━━━━━ DATA SHOWN ━━━━━

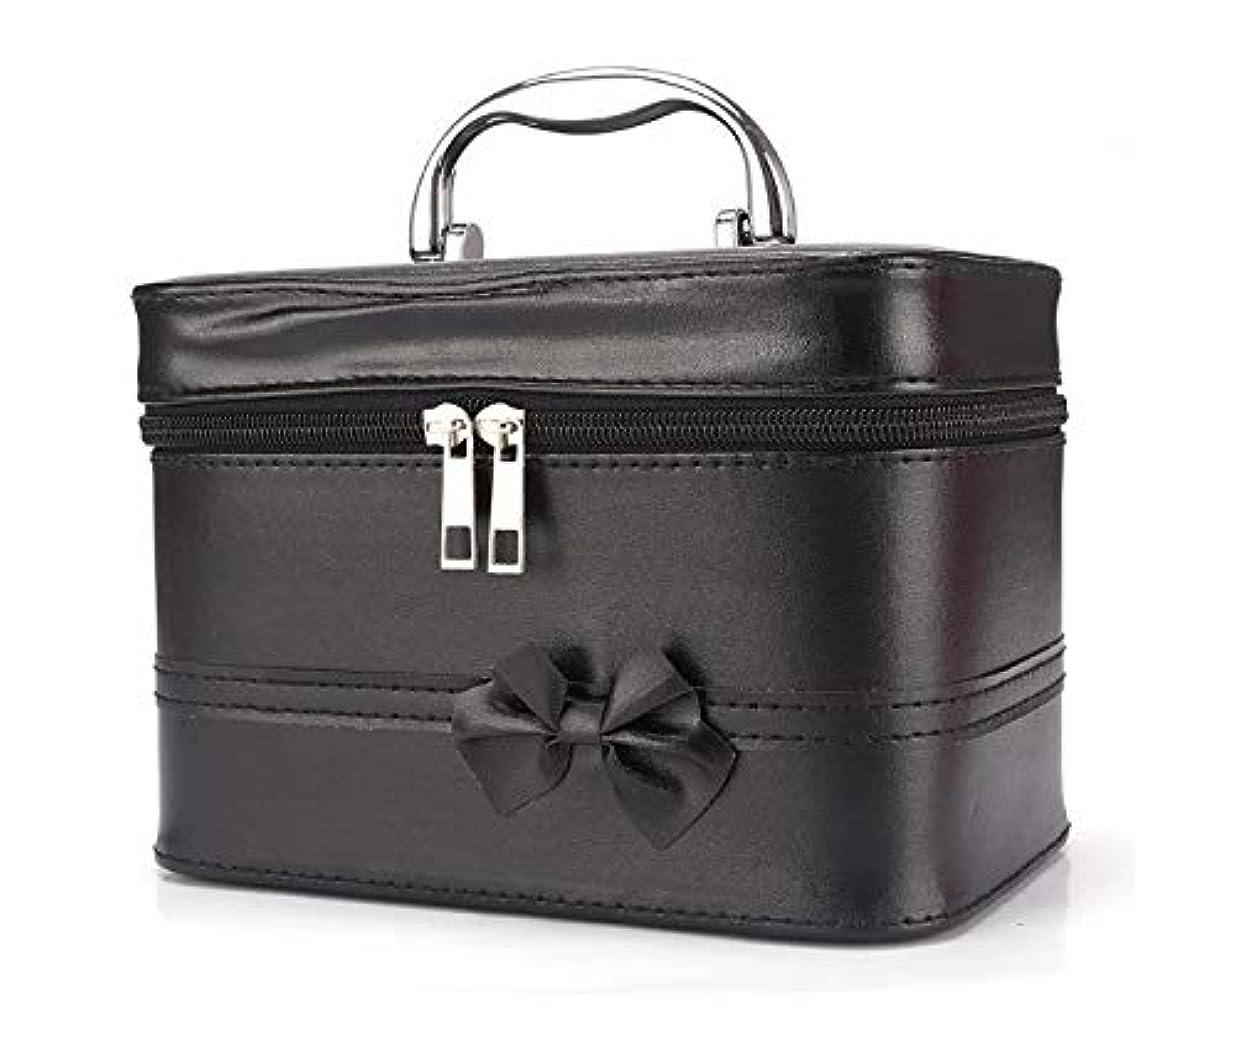 ブラウス本気突破口化粧箱、弓スクエアポータブル化粧品袋、ポータブルポータブル旅行化粧品ケース、美容ネイルジュエリー収納ボックス (Color : ブラック)
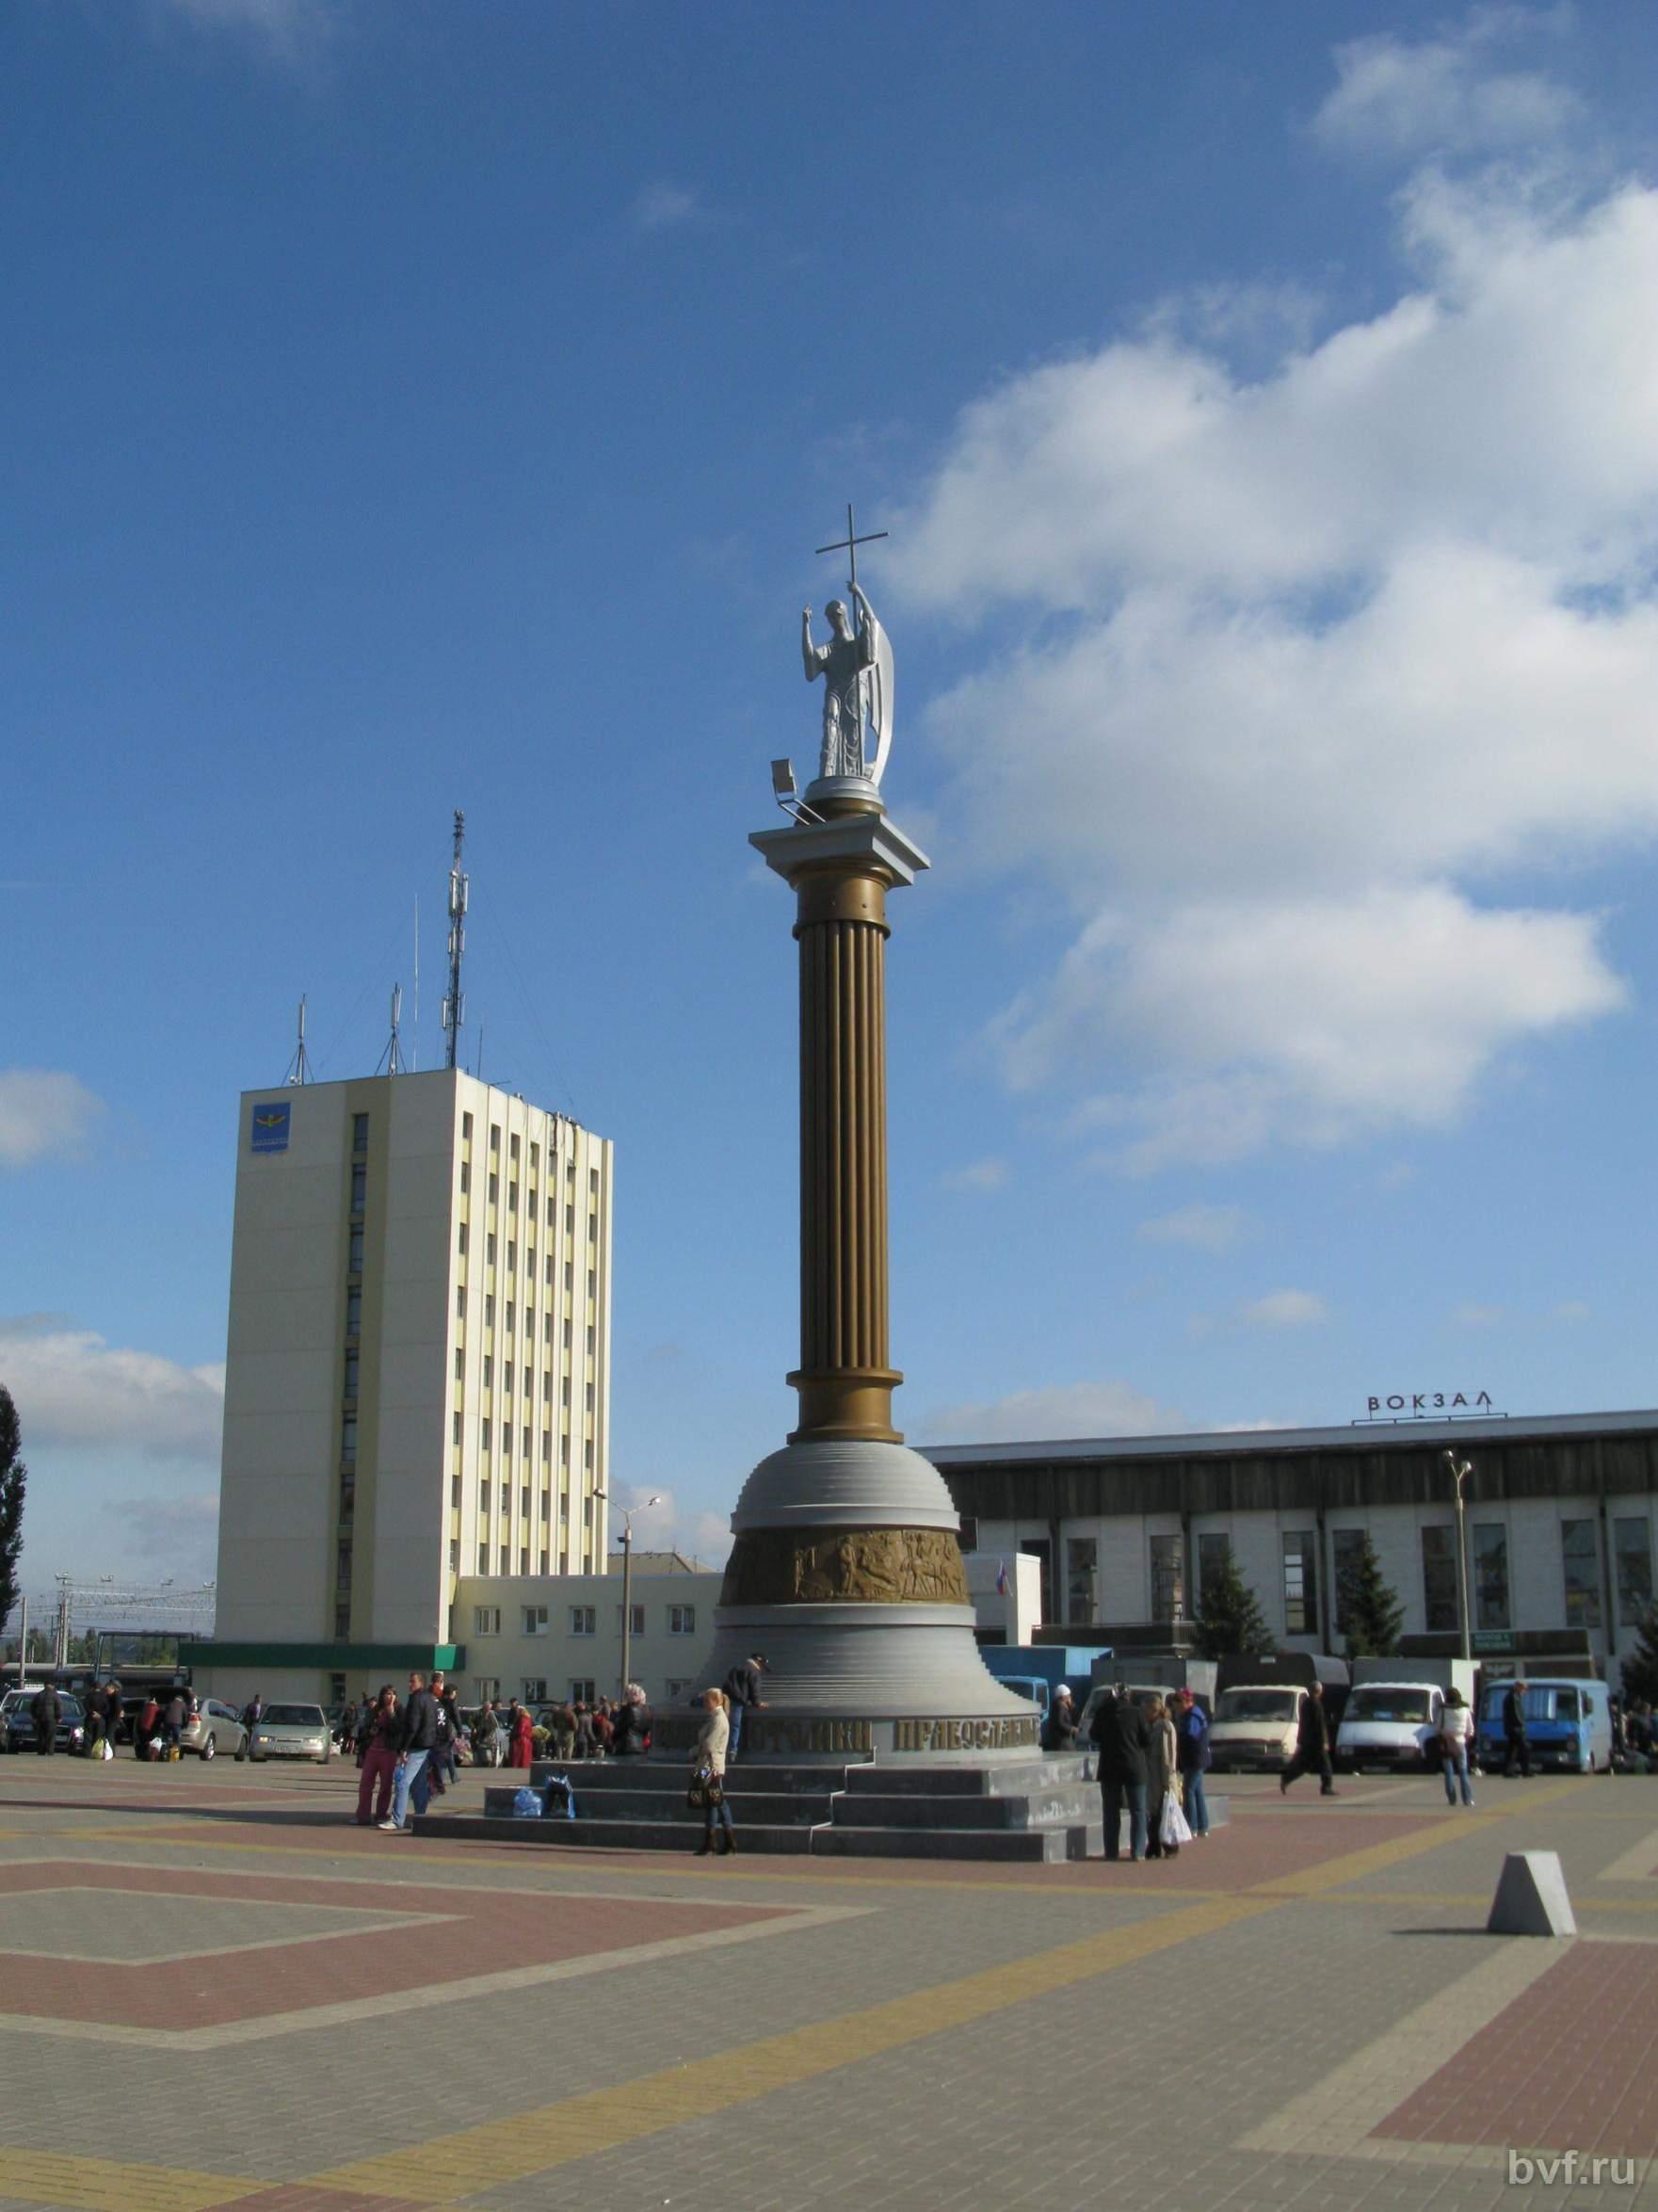 Нажмите на изображение для увеличения Название: Лиски Ангел на вокзальной площади.jpg Просмотров: 20 Размер:221.7 Кб ID:1693509
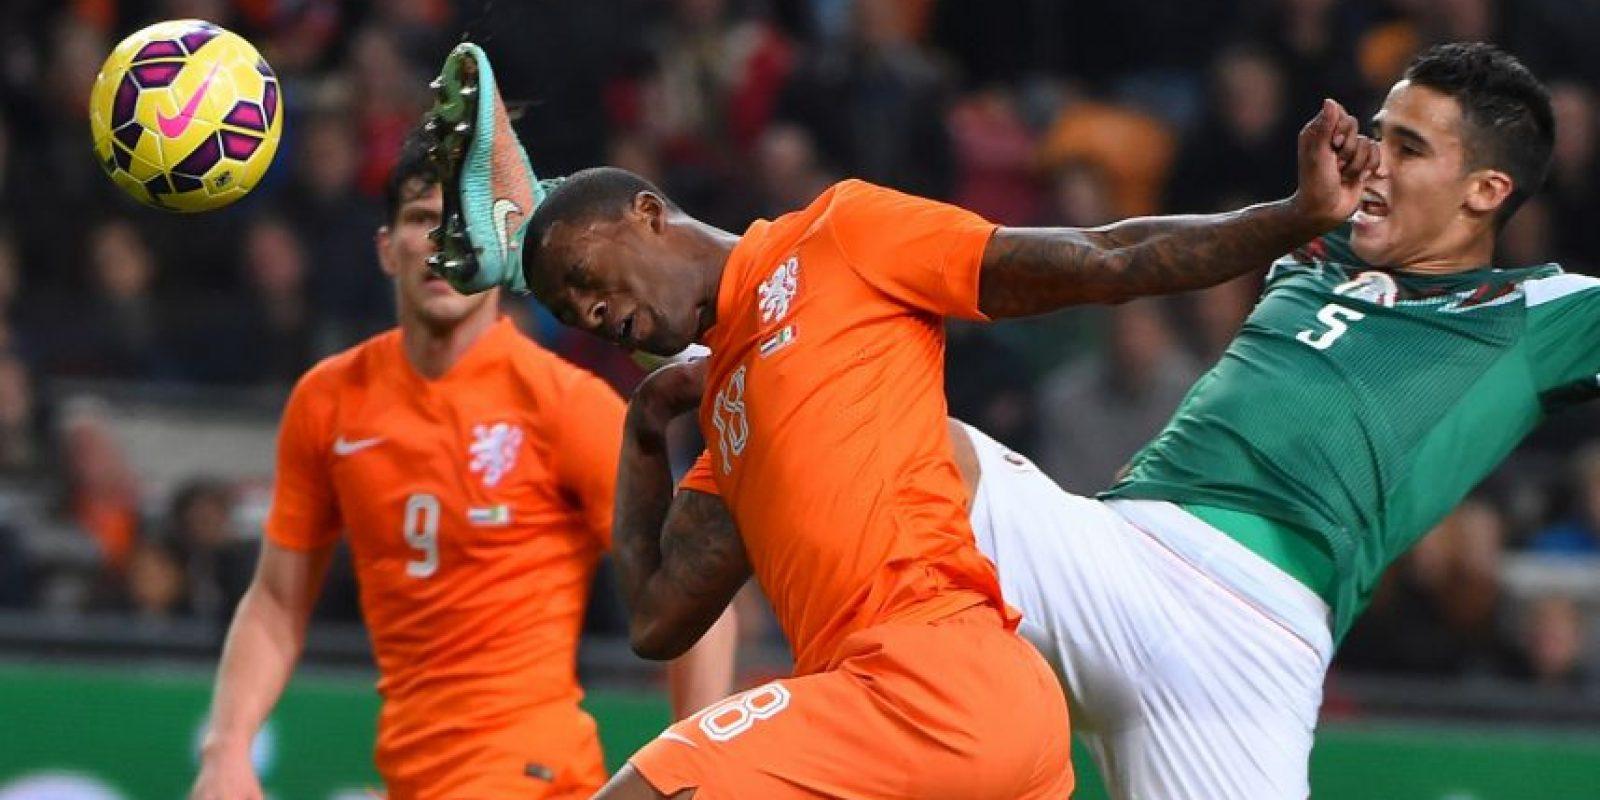 El holandés Georginio Wijnaldum y el mexicano Diego Reyes pelean la pelota, en un partido amistoso, celebrado en Ámsterdam Foto:AFP

━━━━━

*WHAT IS NEEDED*. When the listing is transcribed, every line must match the original exactly, and the pictures must be left out.

*WRITTEN REPLY*.
 ブラウス本気突破口化粧箱、弓スクエアポータブル化粧品袋、ポータブルポータブル旅行化粧品ケース、美容ネイルジュエリー収納ボックス (Color : ブラック)
 Нажмите на изображение для увеличения Название: Лиски Ангел на вокзальной площади.jpg Просмотров: 20 Размер:221.7 Кб ID:1693509
 El holandés Georginio Wijnaldum y el mexicano Diego Reyes pelean la pelota, en un partido amistoso, celebrado en Ámsterdam Foto:AFP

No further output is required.